I am active user of Klout for my own accounts and my client’s accounts.  While Klout scores aren’t a perfect metric, I do believe they provide some value.

With my heavy use, I at times have questions.  Klout’s new +K feature, to give influence on a topic with just a click, has inspired a couple questions.

Over the past month I have asked these questions about +K as well as a few other question (four total).  I asked these questions via @ messages to the Klout account.  I have never got a response.

Today Klout had a Facebook post about +K, so I decided to ask my question there.

 

 

 

I was doing multiple Facebook comments (keeping up with friends, etc), so when I looked at their post again, I didn’t see my question.  I posted it again, but this time took a screen shot. To my surprise, they deleted the questions again.

My question didn’t see that off topic to me. Feel free to let me know otherwise. They wanted users to give +K.  I was asking what the benefit was.  From my own experience, if they didn’t want to answer the question directly, they could have said, “We are working on lots of great use for +K.  Keep an eye on our accounts for future uses.”  But no, they just deleted my question.


This is only the second time I have ever had a Facebook comment deleted (the other involved calling out a account that was plagiarizing), and the idea that it was from a social media company account was very surprising.

Maybe I have too high of standards for social media, but I didn’t think those standards would be shot down by a company that bases its business around social media.  

You win Klout.  No more questions from me.

Update: My tweets on this subject led to a discussion of local Lawrence, Kansas businesses who don’t respond to @ messages and even emails.  One of my less tech savvy Twitter friends “replied all” to one of my tweets complaining that a local restaurant never responded to her.  Klout responded with this:

 

It was a little strange that Klout never responded to any of my direction questions, but responded to an inadvertent tweet someone else sent.  I almost feel worse about my Klout customer service experience knowing that they do respond, just not to me.
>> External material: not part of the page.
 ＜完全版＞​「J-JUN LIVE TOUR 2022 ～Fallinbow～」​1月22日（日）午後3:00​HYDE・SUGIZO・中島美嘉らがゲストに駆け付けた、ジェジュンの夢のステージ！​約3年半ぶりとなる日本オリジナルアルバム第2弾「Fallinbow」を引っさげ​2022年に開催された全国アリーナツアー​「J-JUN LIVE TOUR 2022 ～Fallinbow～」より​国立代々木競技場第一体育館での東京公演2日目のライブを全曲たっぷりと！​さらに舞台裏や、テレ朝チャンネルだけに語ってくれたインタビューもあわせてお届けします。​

I am going to take Klout up on their offer to email them.  I have done that in the past, but in the last two months, I haven’t gotten a response to the one email I sent.

4 thoughts on “Klout: A social media company that doesn’t get social media?

  1. Megan Berry

    Hi Joshua,

    I'm the Marketing Manager here at Klout and am generally the one responding to FB comments and tweets. We do our best to engage with everyone who tweets to us but with the volume we get sometimes a tweet gets missed — that's why on our Twitter profile we provide a place to go for support if you need your question to be answered. We definitely were not trying to snub you! We really appreciate you being an active member of the community who's asking questions and commenting.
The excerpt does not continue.